L'internet et le web sont des outils potentiellement puissants pour fournir de l'information aux utilisateurs et à des fins de commercialisation. Cependant, la grande majorité des entreprises situées dans les communautés rurales pauvres ont peu ou pas accès direct à internet et ils n'ont souvent pas les compétences nécessaires pour faire un usage efficace de la technologie.

2.     Études et réalisations antérieures

Les innovations technologiques pour rapprochement en ligne entre producteurs et consommateurs agricoles ont fait et font l’objet de plusieurs recherches des jeunes innovateurs informaticiens :

En Italie par exemple, dans la région d’Aquitaine, le groupe « jeunes innovateurs » ont développé beaucoup de sites web de Vente des produits agricoles, plus spécialement les fruits et leurs dérivées, tels sont les vins. Dans ces sites, ils misent sur l’exposition des produits disponibles, mais aussi sur les possibilités de commande et d’achat, voire de paiement[17]. Leur limite est qu’ils n’ont nullement prévu d’espace d’échange et de communication entre producteurs et consommateurs.

Dans le sud du Portugal, « Adelaide.Farm » est une plateforme en ligne (un marché virtuel) où les petits agriculteurs peuvent se mettre en contact avec les consommateurs urbains portugais.
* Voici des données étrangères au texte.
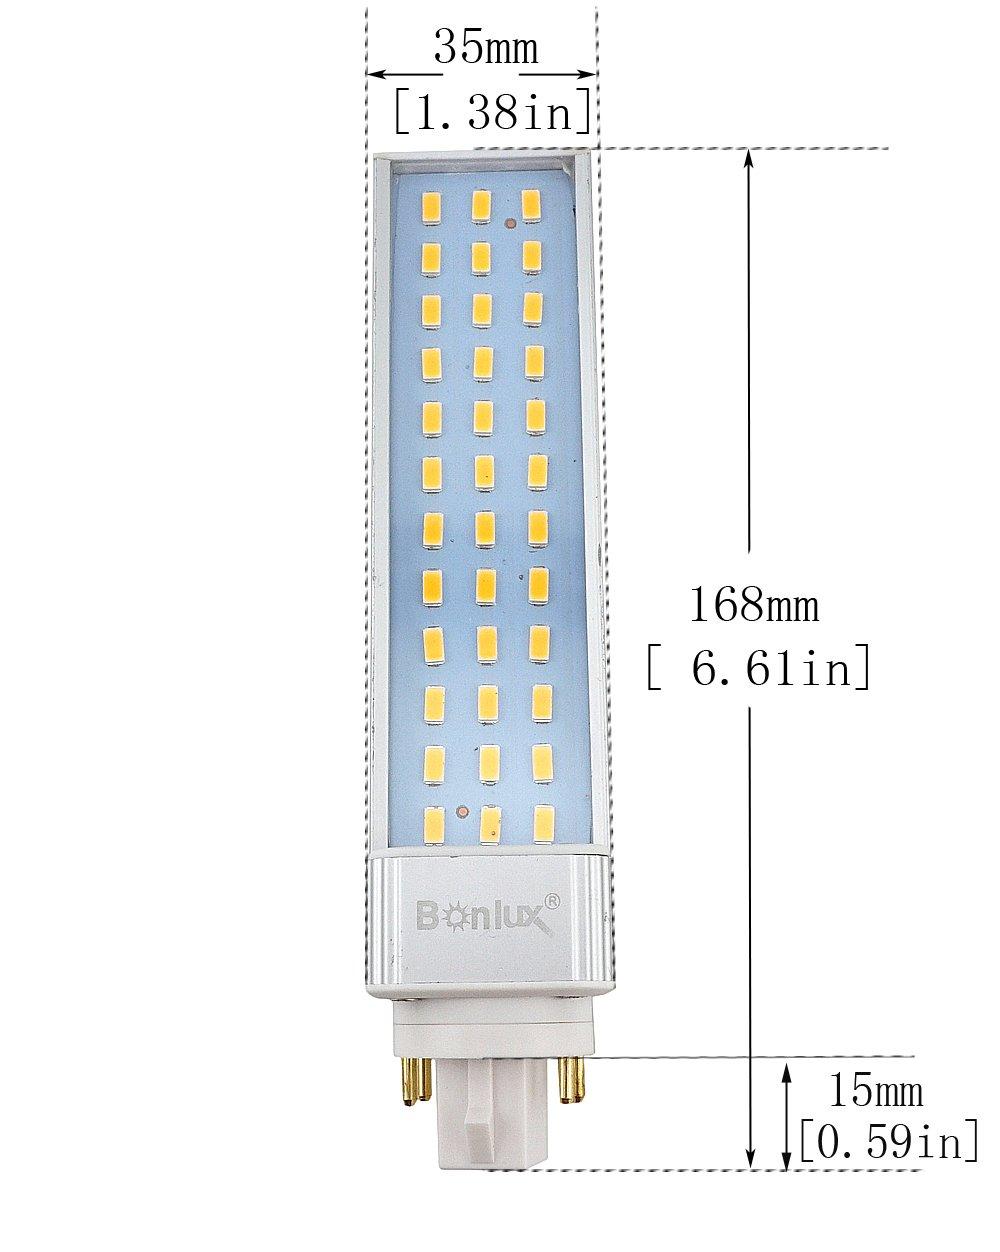 Bonlux 2 Pack Led Gx24q 4 Pin Rotatable Pl Lamp 26w Gx24 Cfl Wiring Diagram Replacement 180 Degree Beam Angle Daylight 6000k C Horizontal Recessed G24q Bulb

Grâce au site internet, les consommateurs peuvent beaucoup aisément acheter des produits (issus d’une agriculture responsable) et même disposer d’un potager en ligne, tandis que les agriculteurs peuvent aussi vendre leurs produits à des prix équitables, augmentant ainsi leurs revenus. Cette plate-forme mise seulement sur l’achat et la vente sans créer un espace de partage d’informations entre vendeurs et acheteurs.
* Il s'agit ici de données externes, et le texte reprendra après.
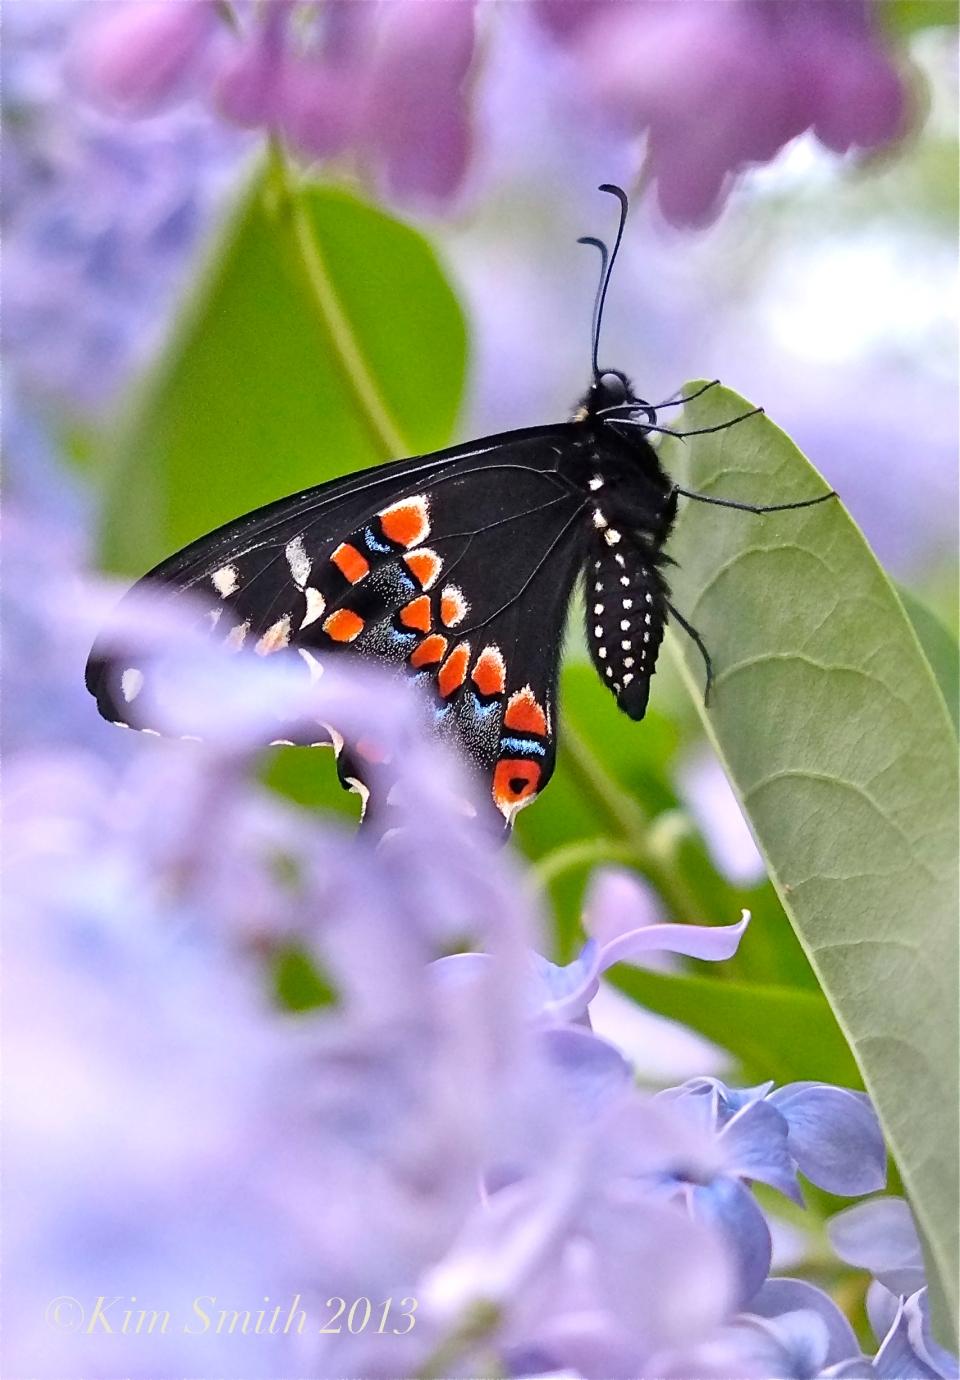 Male Black Swallowtail Butterfly Wedgewood Blue Lilac ©Kim Smith 2013

Alloysius Attah, un jeune chercheur ghanéen, vu la désinformation entre agriculteurs de son pays face aux diverses contraintes météorologiques, a bien constaté la nécessité de fournir aux villages ghanéens un accès aux informations essentielles concernant les meilleures pratiques agricoles et a ainsi donc conçu une application dénommée « Farmerline ». Elle envoie quotidiennement plusieurs SMS provenant d’agents de vulgarisation pour dispenser les meilleures pratiques de culture aux agriculteurs. L’application est basée spécialement sur la communication, mais ne prévoit pas l’exposition et l’achat  des produits de consommation en ligne.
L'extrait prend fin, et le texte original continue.